Amid a historic influx of migrants, Lincy struggles to find legal representation for her asylum application. Asylum is protection granted by host countries to individuals fleeing harm or a well-founded fear of persecution based on one of five protected grounds: race, religion, nationality, political opinion, and membership in a particular social group (the breadth of this last category has sparked heated debate). While the U.S. has historically granted a high number of refugees and asylees annually, in 2024, it instituted a new policy limiting access to asylum, barring applicants from seeking it unless they present at an official border crossing or have advance authorization.
A person seeking asylum must demonstrate that he or she suffered past persecution on the basis of one of these five grounds and that he or she has a well-founded fear of future persecution. Unlike criminal defendants, immigration court litigants are not entitled to government-appointed attorneys. Thus, many people who seek asylum do so without a lawyer, and many are detained for years while their cases await adjudication.

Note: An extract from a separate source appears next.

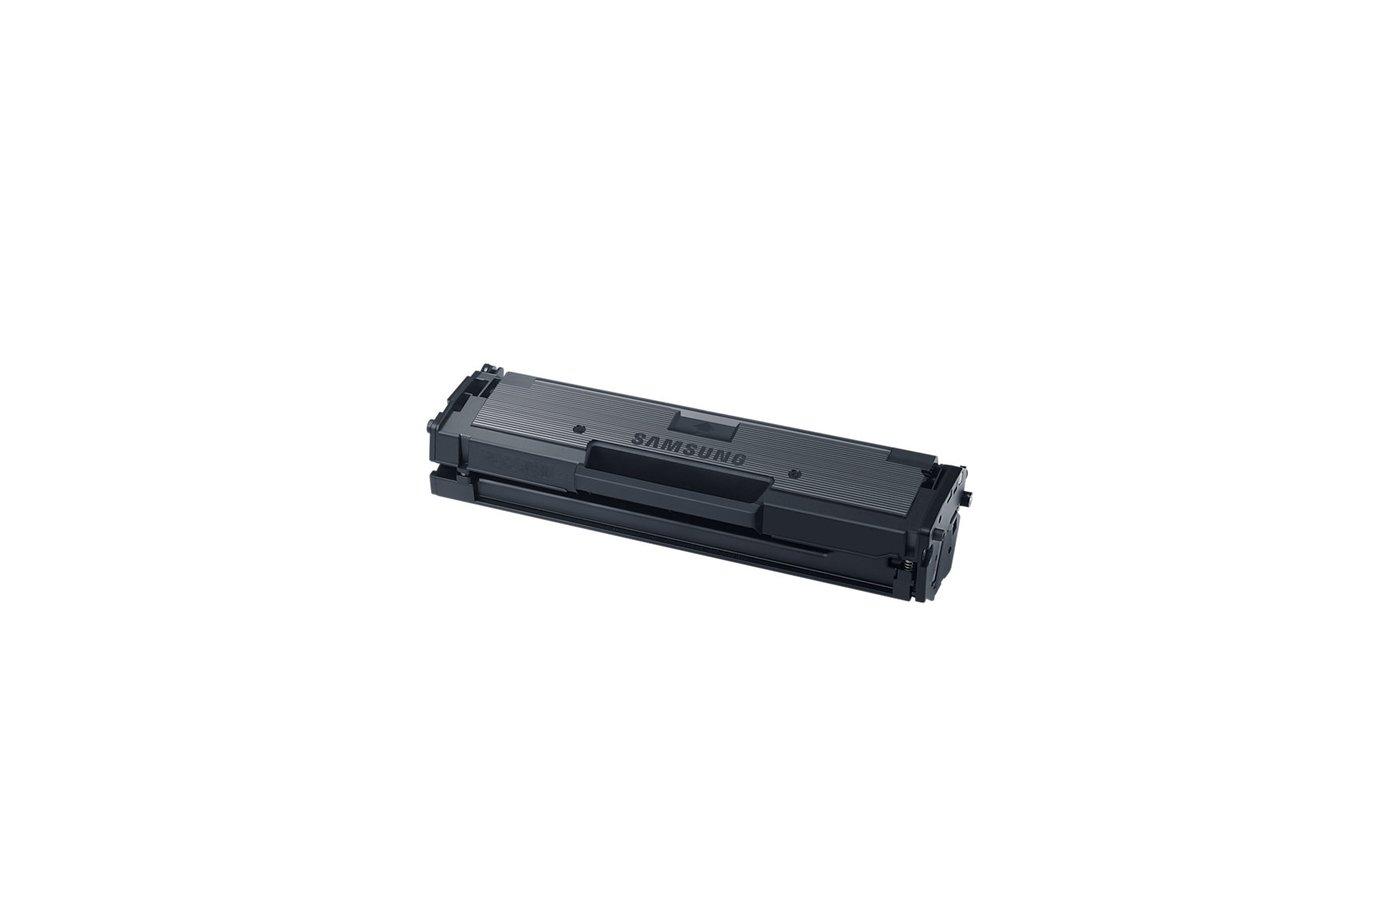 Картридж лазерный Samsung MLT-D111L/SEE черный для Xpress M2022, M2022W, M2020, M2021, M2020W, M2021W, M207 (1800стр.)

The BIA has ruled that individuals must meet both the subjective and objective components of the well-founded fear standard. For example, the BIA has held that robbery and other forms of extortion will only satisfy the objective component if they are part of a pattern of persecution or are so severe as to render the individual unable to live in society. Similarly, in Karouni v. Gonzalez, a gay man from Mexico was found not to qualify for asylum because the BIA did not believe that incidents in which police called him immoral and extorted money while beating him up by yelling “faggot” constituted a pattern of persecution.